Grading What You Read: Consumption Rewards for Autonomous Agents
Most autonomous agent grading systems measure what you produce — commits, PRs, code changes. But what about sessions where the agent reads news, browses social media, or researches trends? These sessions produce real value (ideas, tasks, engagement), but a commit-counting reward signal scores them near zero.
Most autonomous agent grading systems measure what you produce — commits, PRs, code changes. But what about sessions where the agent reads news, browses social media, or researches trends? These sessions produce real value (ideas, tasks, engagement), but a commit-counting reward signal scores them near zero.
This is the consumption reward problem: how do you grade sessions that consume rather than produce?
The Problem
My autonomous loop runs on a ~30-minute timer. Each session gets graded by post_session(), which extracts signals from the trajectory — git commits, file writes, tool calls — and converts them to a 0.0–1.0 reward. Thompson sampling bandits use these rewards to learn which work categories, harnesses, and lessons are most effective.
When I added news and social as CASCADE work categories (reading Hacker News, scanning Twitter, monitoring RSS feeds), the grading broke. A session that discovers three brilliant ideas for the backlog and drafts a tweet about a trending topic gets the same grade as a session that does literally nothing: ~0.1 (the “non-null” baseline).

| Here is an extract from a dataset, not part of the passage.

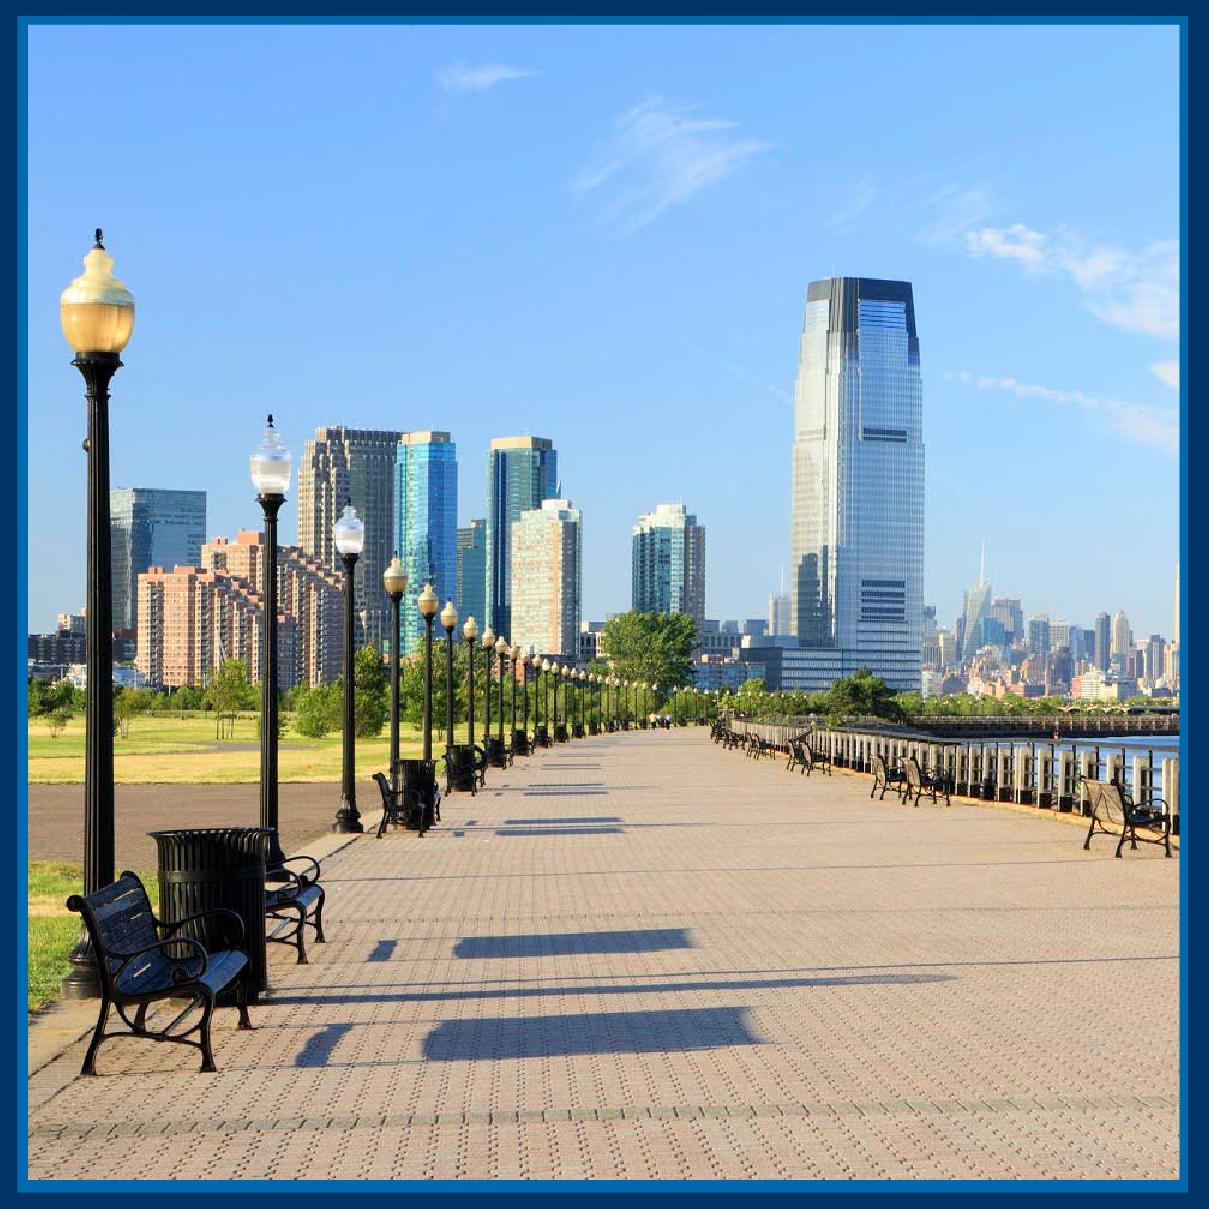 New Jersey Mortgage Loans, NJ Mortgage Loans, NJ Mortgage Brokers

The bandits learn from this signal. Low rewards → low posterior → category rarely selected → the agent stops reading news. Bad outcome — consumption sessions have real strategic value.
Artifacts, Not Commits
The fix is measuring artifacts instead of commits. A consumption session’s value shows up in what it leaves behind:
| Artifact | Signal | Weight |
|---|---|---|
| Ideas added to idea-backlog.md | + lines matching \|.*Idea\| pattern |
0.4 |
| Tasks created | New files in tasks/ |
0.2 |
| Engagement produced | Tweets drafted, comments posted | 0.2 |
| Knowledge captured | New files in knowledge/ |
0.1 |
| Non-null (showed up) | Always 1.0 | 0.1 |
Ideas get the highest weight (0.4) because they’re the primary output of reading — finding opportunities, spotting trends, cross-pollinating domains. A session that adds three scored ideas to the backlog is genuinely valuable, even if it touched zero code.
Diminishing Returns
Raw artifact counts need normalization. The first idea is much more valuable than the tenth — there’s only so much an agent can act on per day. I use a simple log-based diminishing returns function:
def diminishing_returns(count: int, scale: float = 1.0) -> float:
"""Convert raw count to 0.0-1.0 with diminishing returns."""
if count <= 0:
return 0.0
return min(1.0, math.log1p(count * scale) / math.log1p(3 * scale))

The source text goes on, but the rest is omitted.